## RECORDED INFORMATION
##########

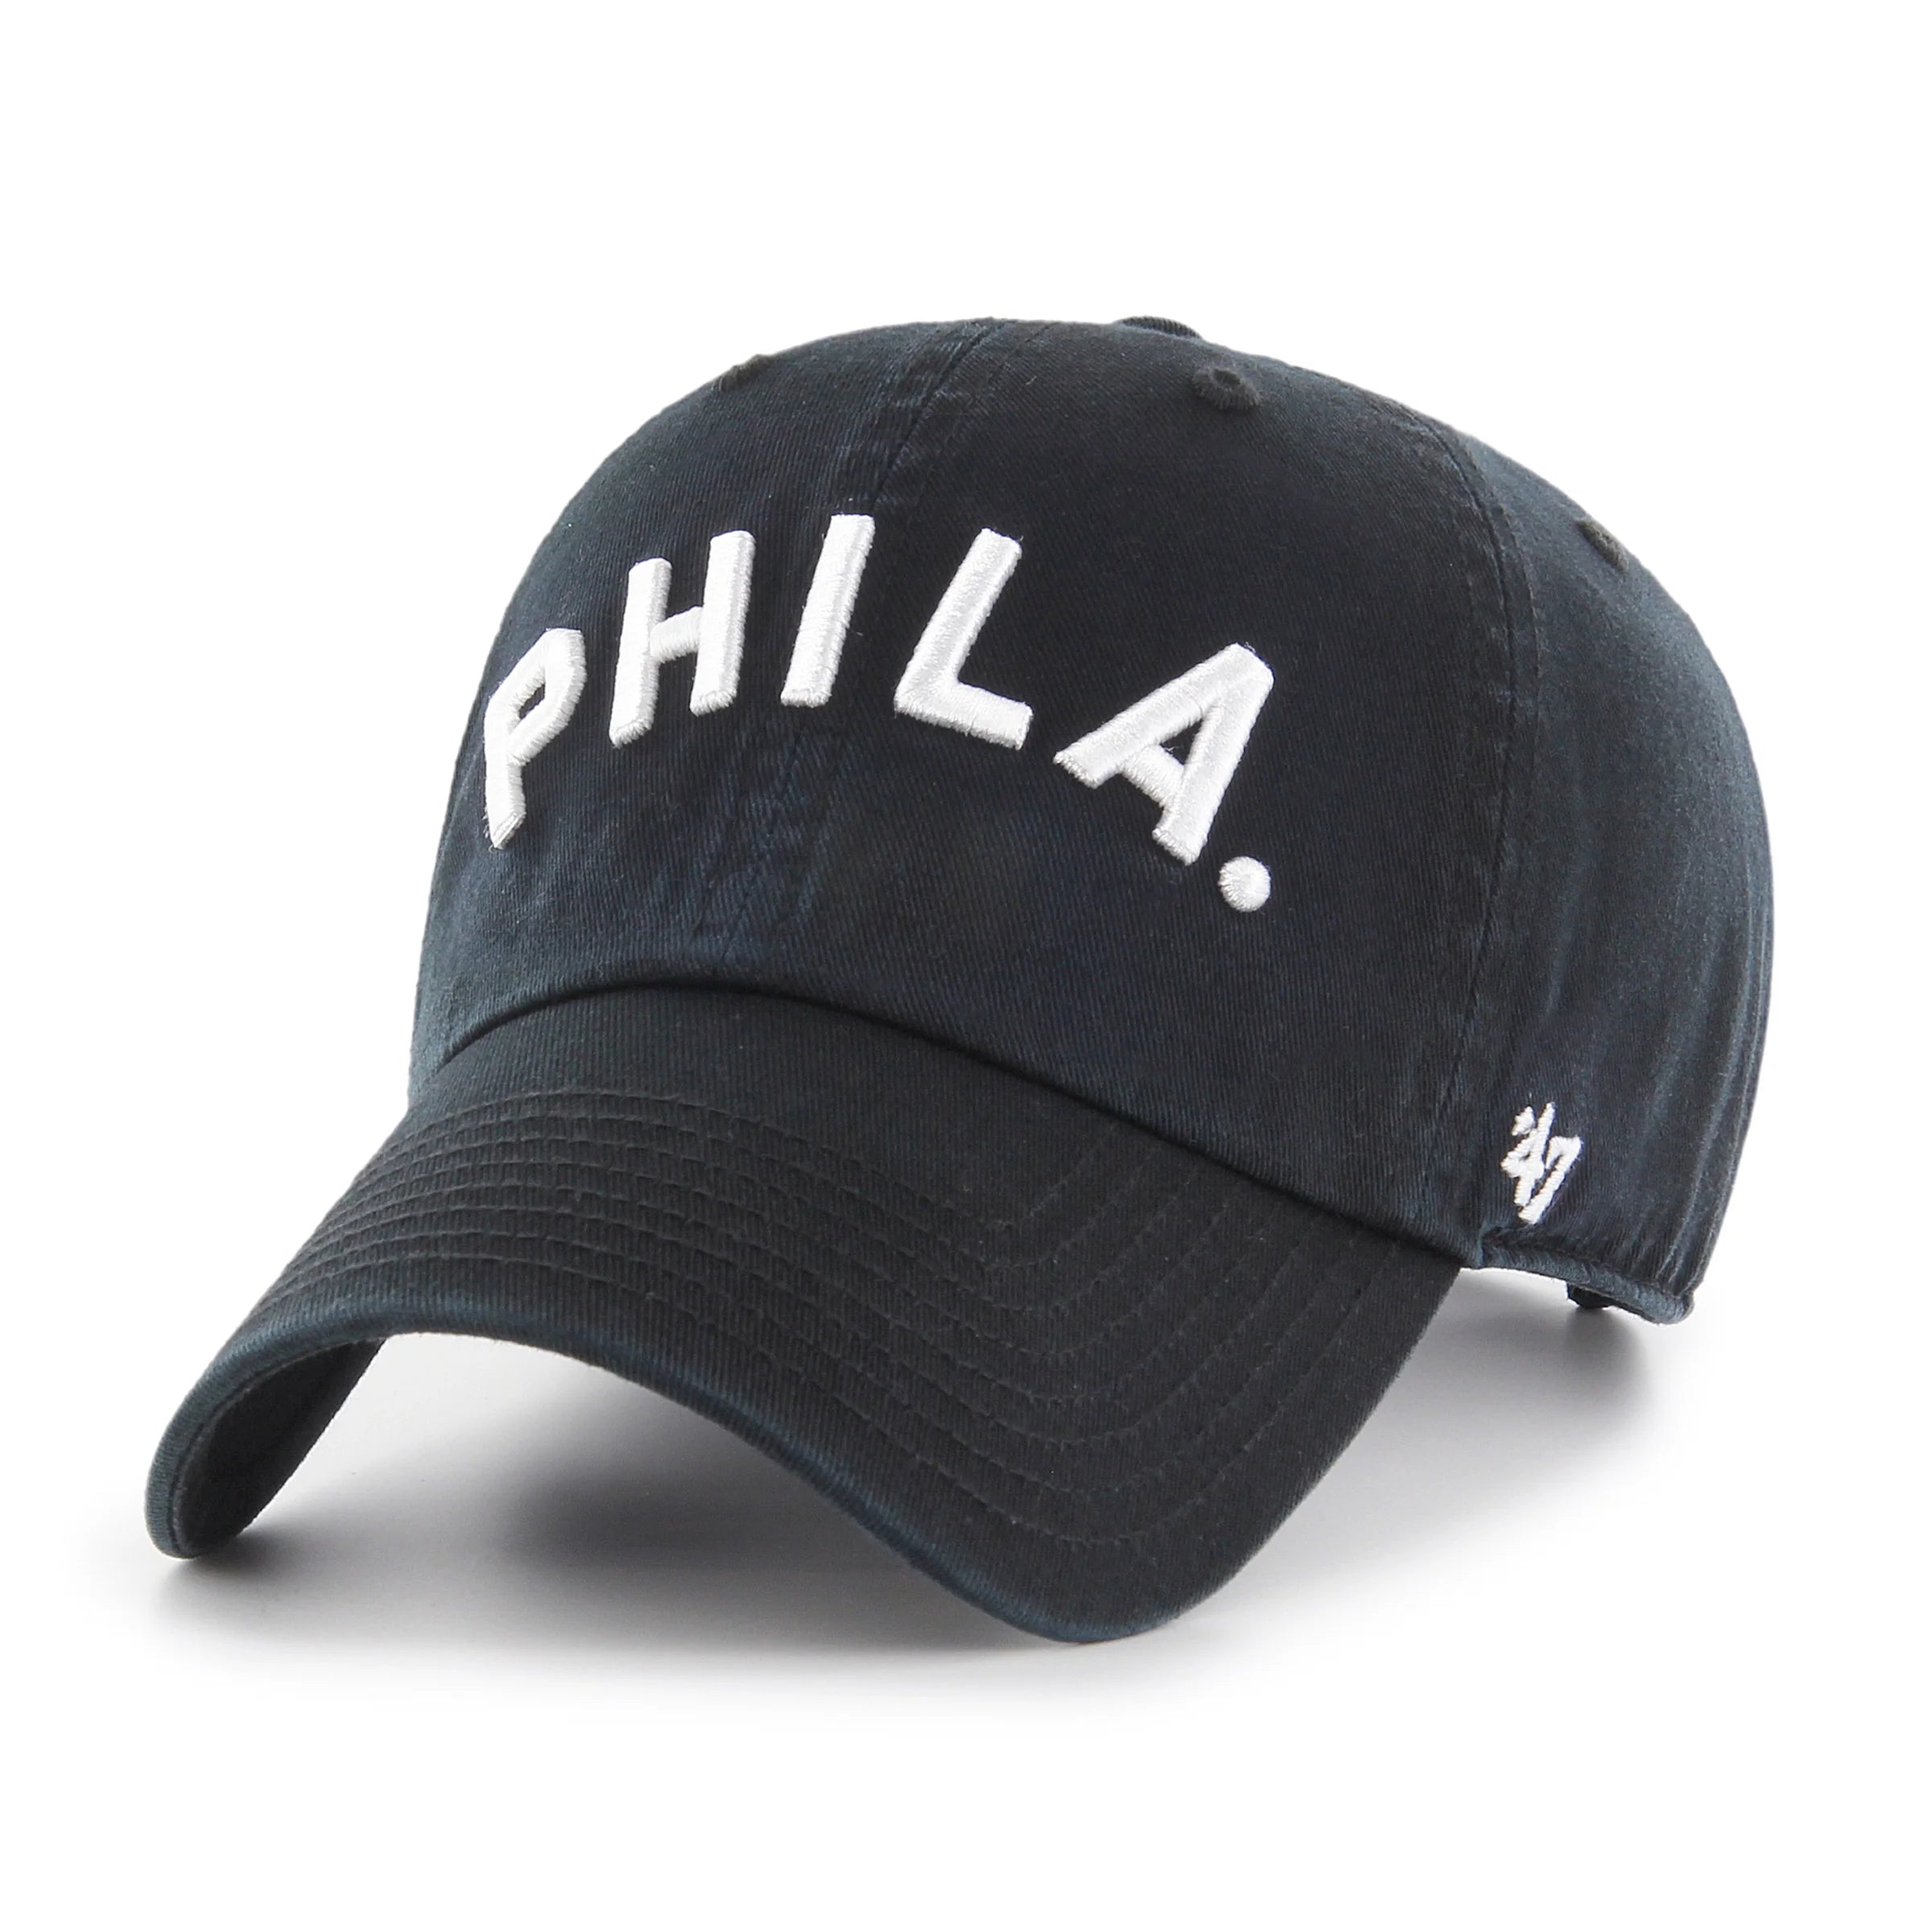 Philadelphia Philies Cooperstown
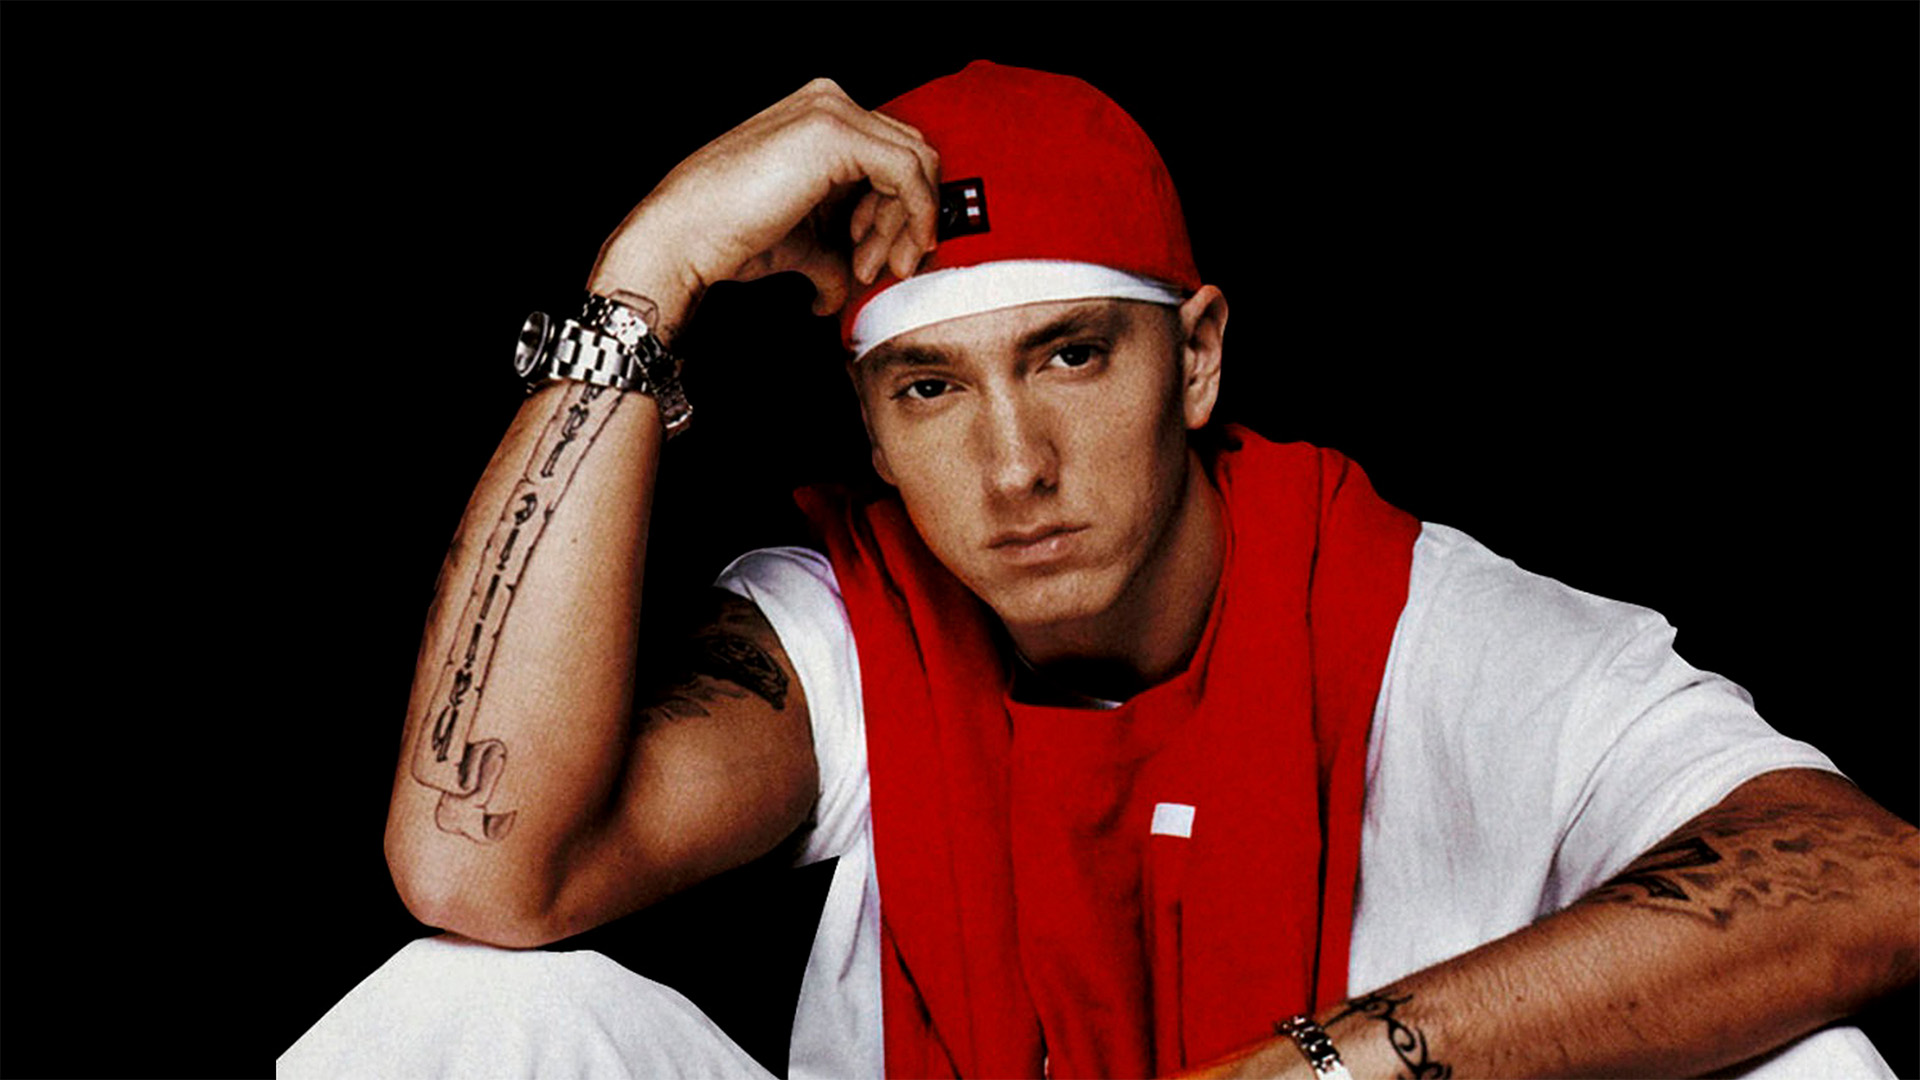 Watch Eminem's Legendary Detroit Show in Ultra HD
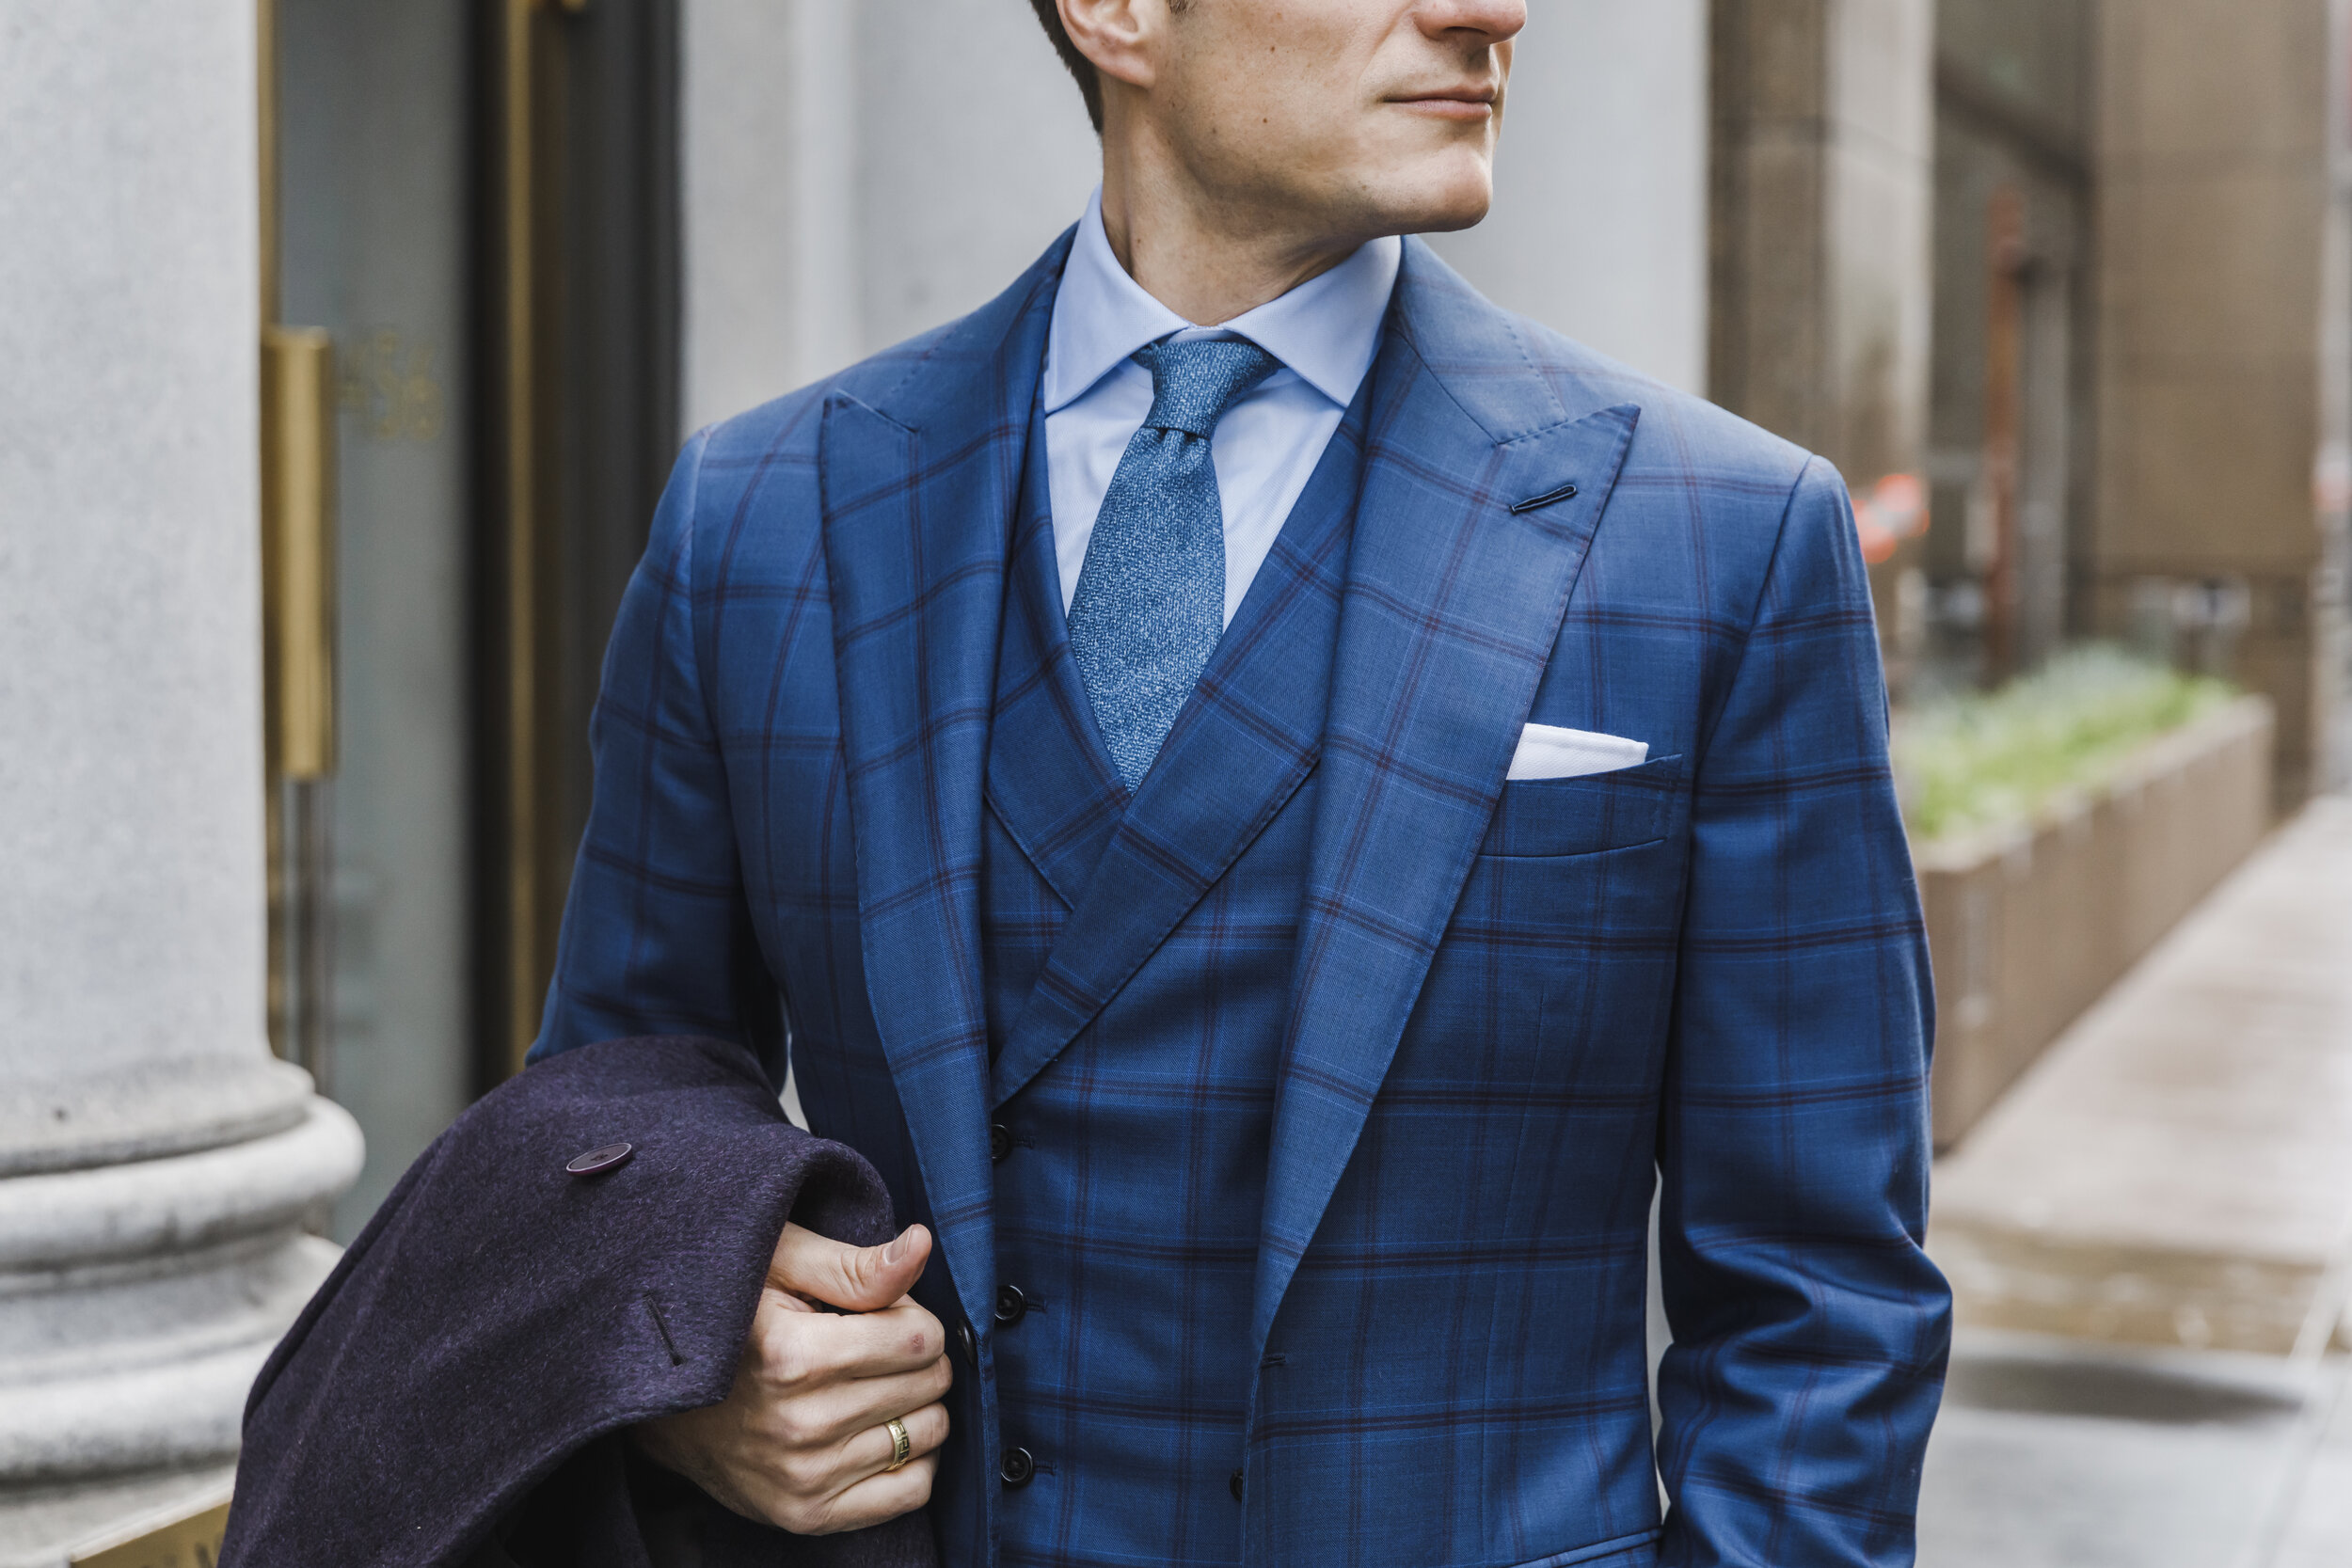 Linen Suit Navy Blue. Wedding Suit. High Quality

##########

## WORK INSTRUCTIONS
The line with "Watch Eminem's Legendary" marks the start, and the last line of the material marks the end. Reproduce exactly those two lines and every line between them, without the pictures.

## OUTPUT FOR THIS EXERCISE
 Watch Eminem's Legendary Detroit Show in Ultra HD
 Linen Suit Navy Blue. Wedding Suit. High Quality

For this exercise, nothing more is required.